Transformers Explained for Programmers

Why Transformers Won

Before 2017, sequential models (RNNs, LSTMs) dominated NLP. They processed text word-by-word, maintaining a hidden state. The problem: information about early tokens had to survive many steps to influence later tokens — it often got lost.

The transformer's key insight: process all tokens simultaneously, with every token attending to every other token. No sequential processing. No information bottleneck.
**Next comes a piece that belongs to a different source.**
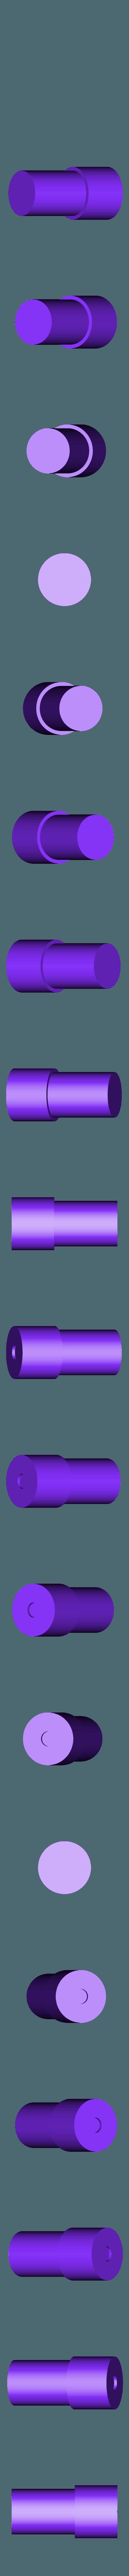 Moteur sans support (1).stl Download STL file Removable portable wind turbine • 3D printable template, younessanga

And it parallelizes perfectly on GPUs.

The Architecture in One Diagram

Input: "The cat sat"
    │
    ▼
[Token Embeddings]       "The"→[0.2, -0.1, ...], "cat"→[...], "sat"→[...]
    │
    ▼
[Positional Encoding]    Add position information (tokens are now position-aware)
    │
    ▼
[Multi-Head Attention]   Each token attends to all other tokens
    │
    ▼
[Feed-Forward Network]   Process each position independently
    │
    ▼
[Layer Norm + Residual]  (Repeated N times — 12 layers for BERT-base)
    │
    ▼
Output representations (one vector per token)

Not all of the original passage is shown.